Data for processing:
________________________
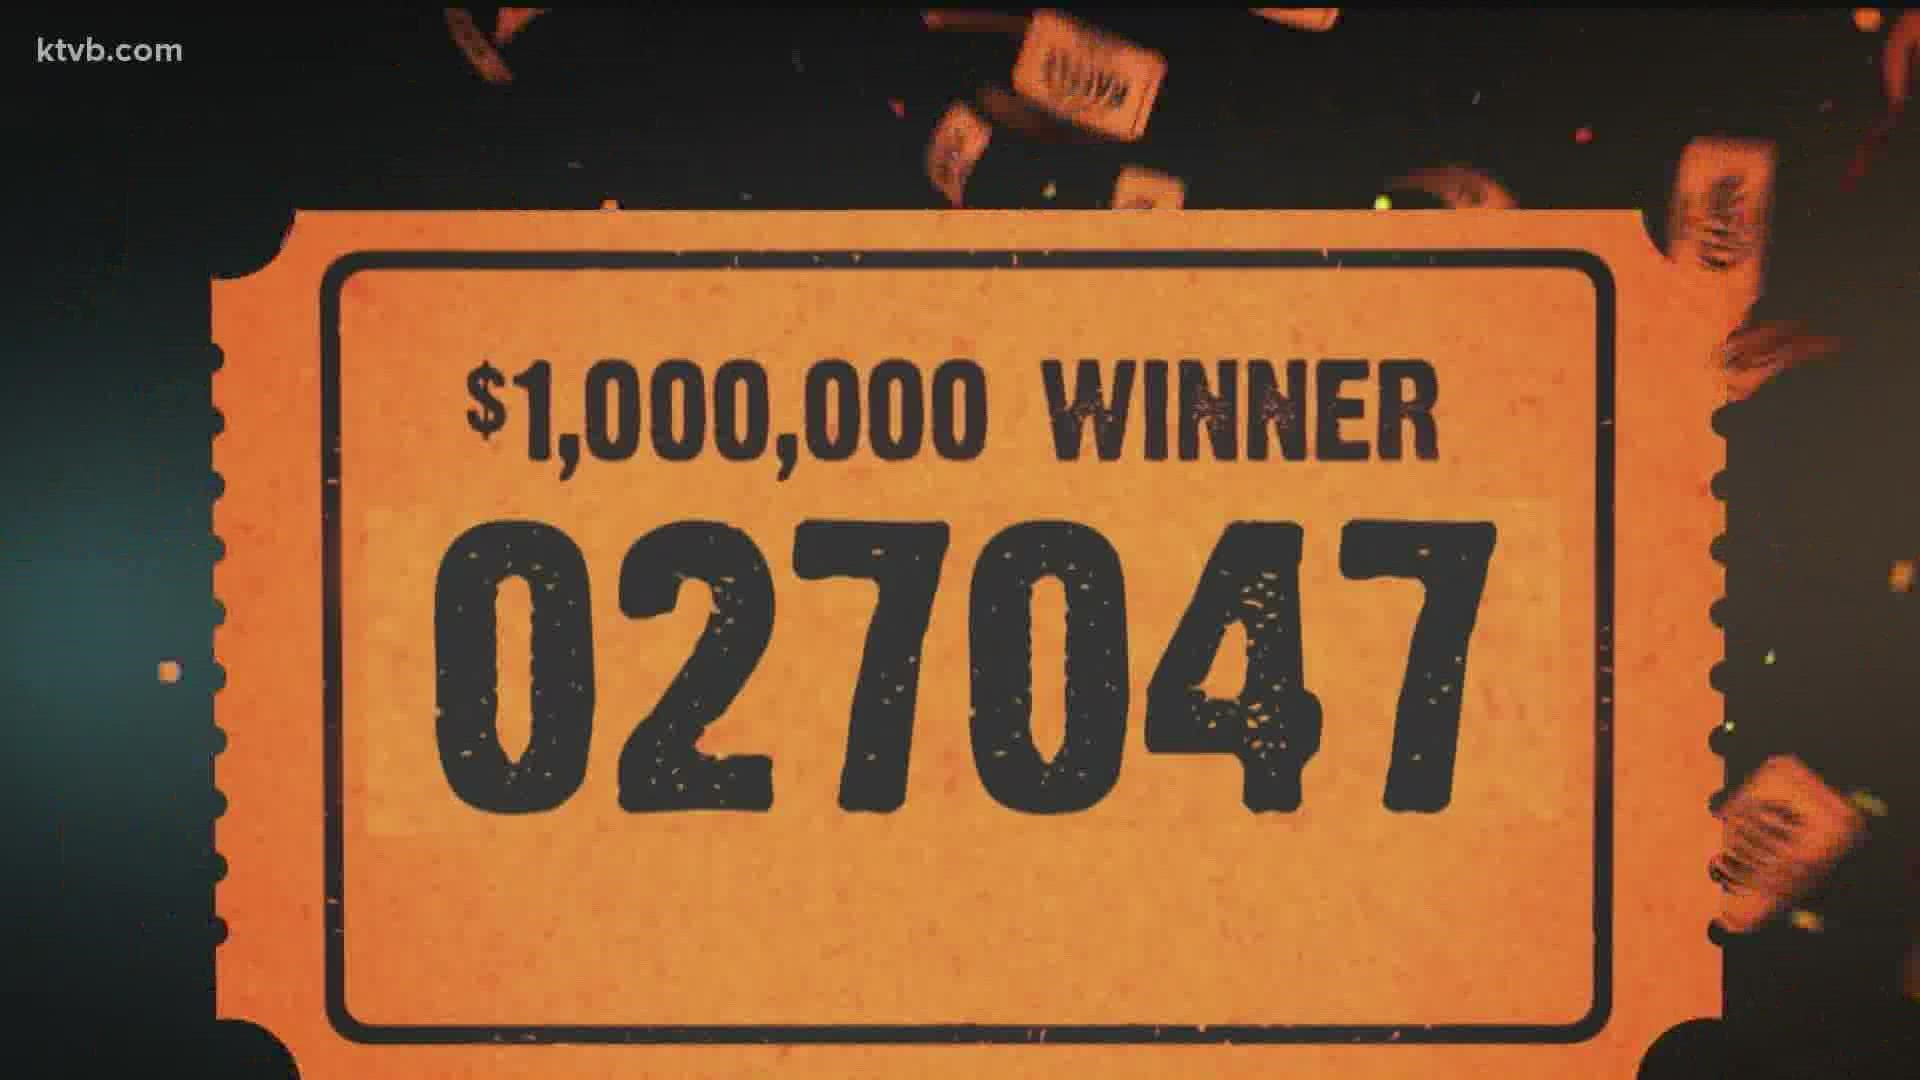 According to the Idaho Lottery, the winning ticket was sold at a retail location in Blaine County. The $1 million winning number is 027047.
________________________
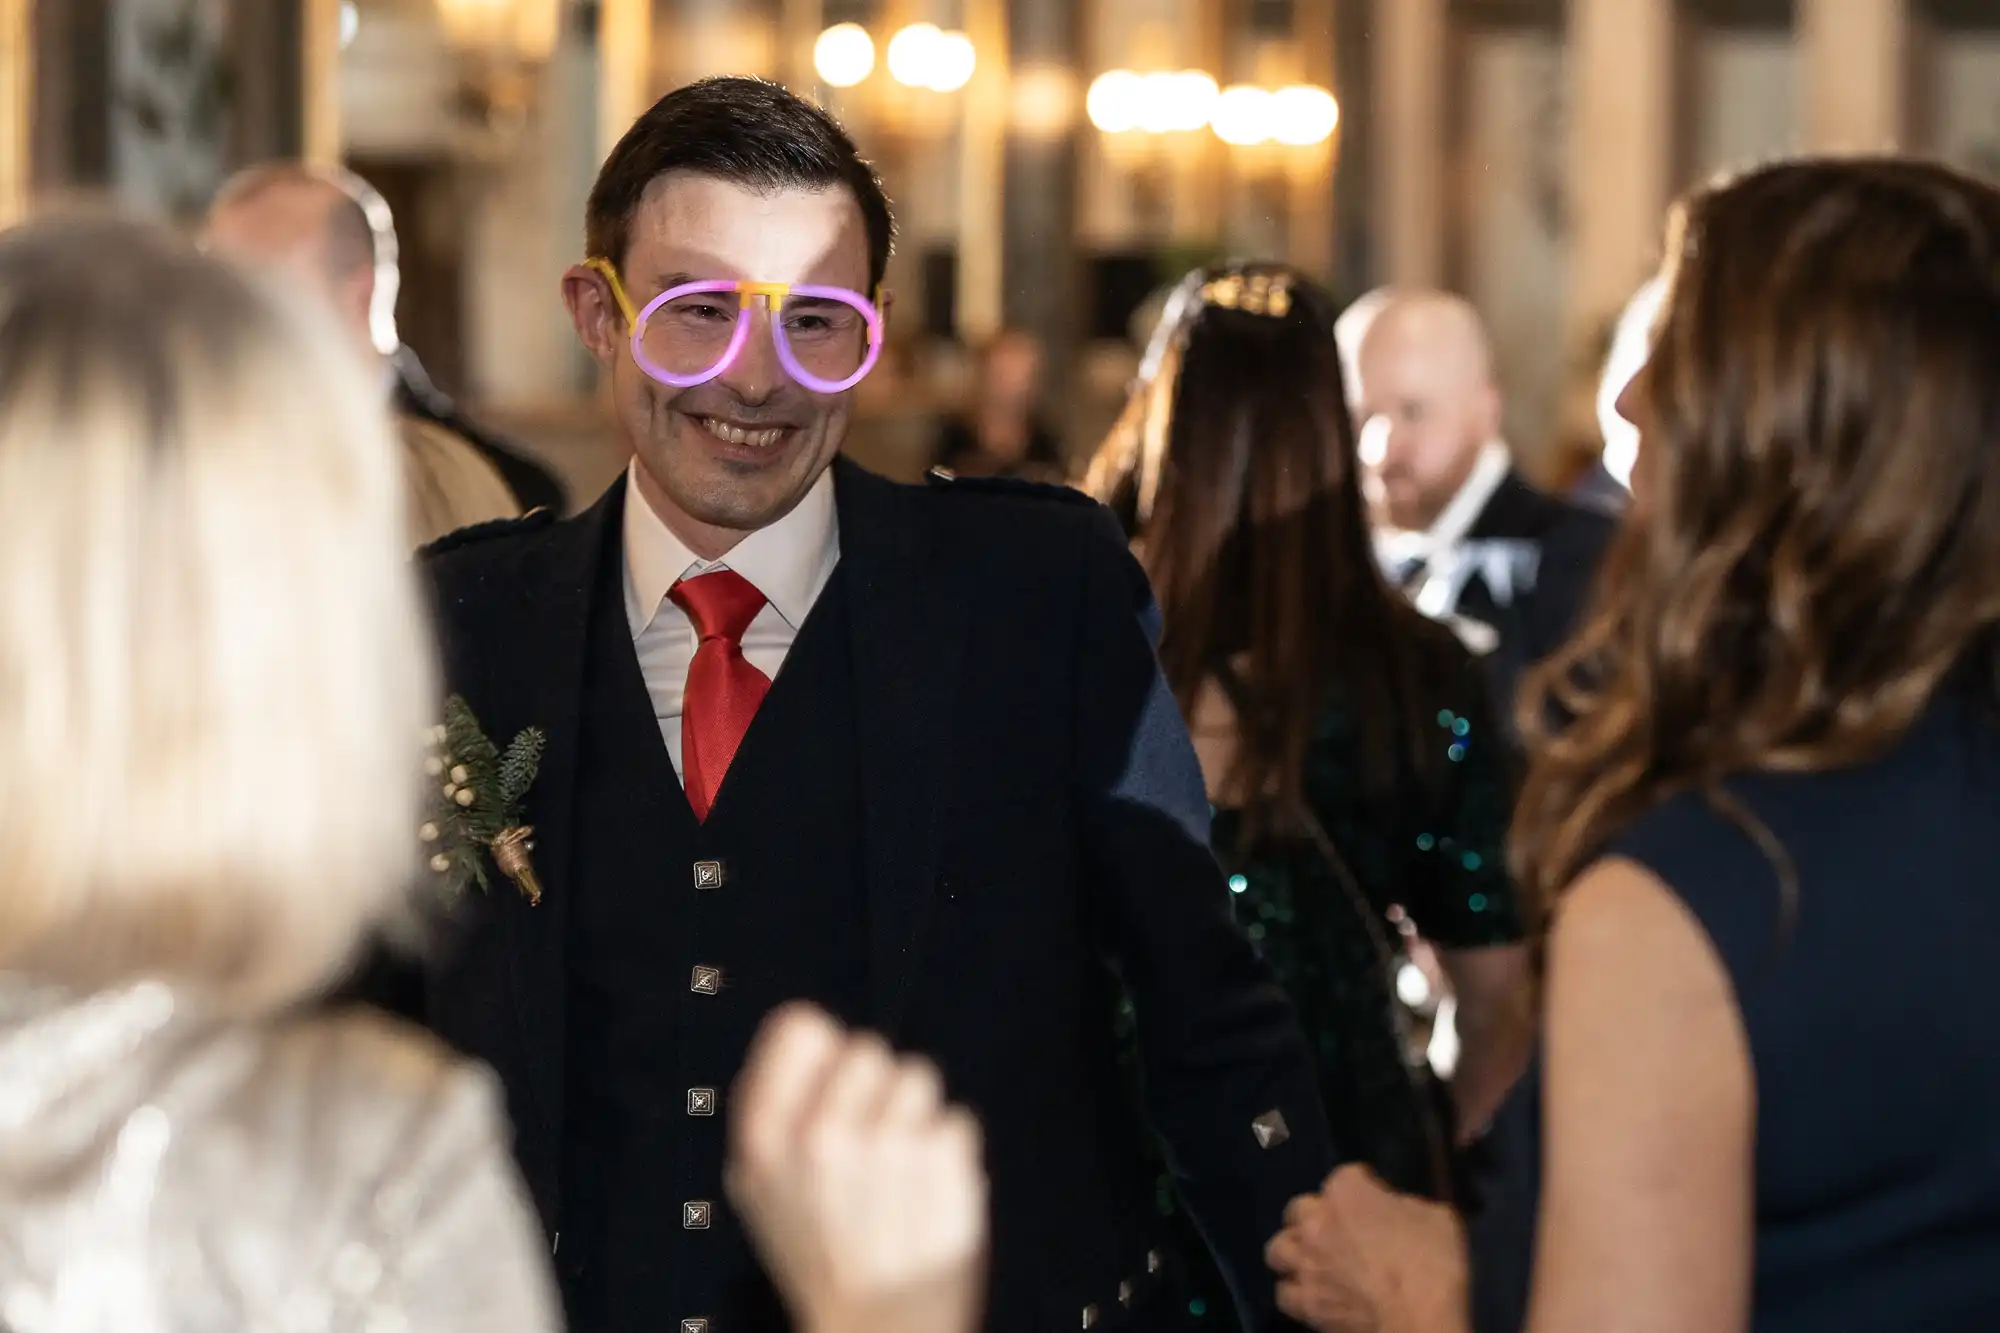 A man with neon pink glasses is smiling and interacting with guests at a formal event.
________________________
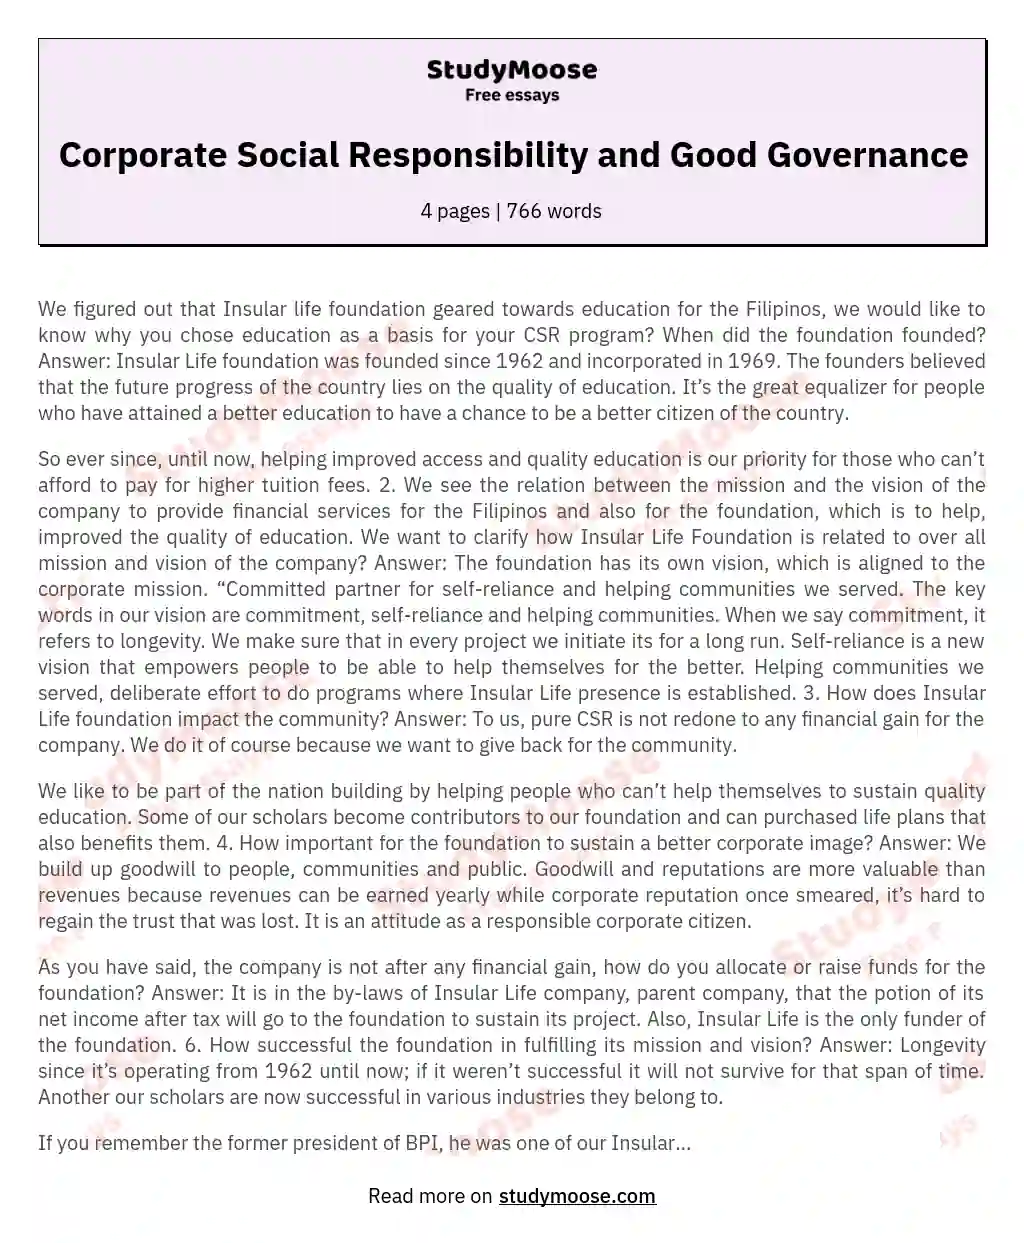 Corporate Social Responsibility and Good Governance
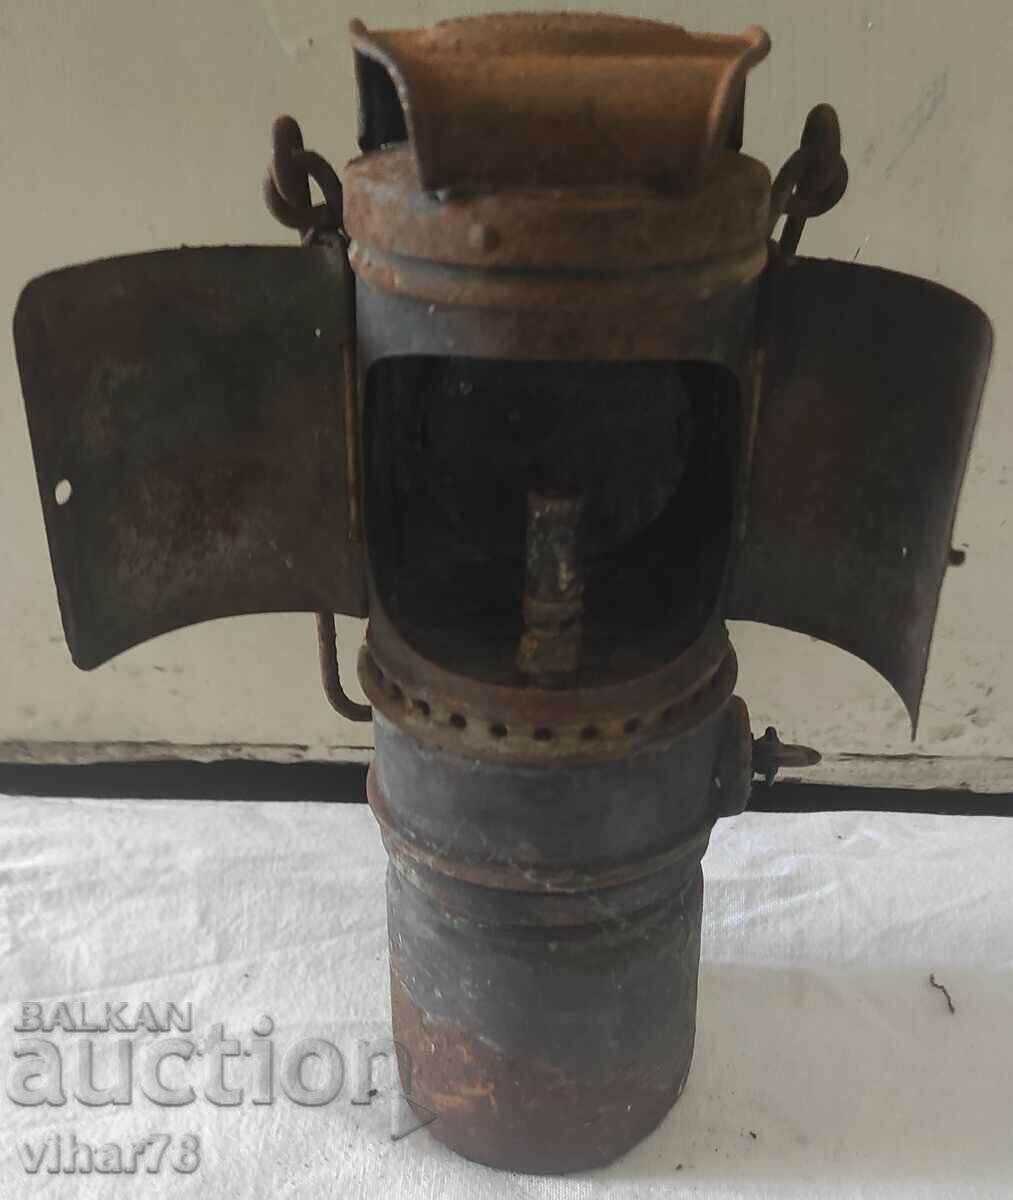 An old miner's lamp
________________________
Work item: The material above holds pictures; leave them out and set down exactly the lines from the line with "Corporate Social Responsibility" to the line with "An old miner's lamp", both included.

Solved exercise:
 Corporate Social Responsibility and Good Governance
 An old miner's lamp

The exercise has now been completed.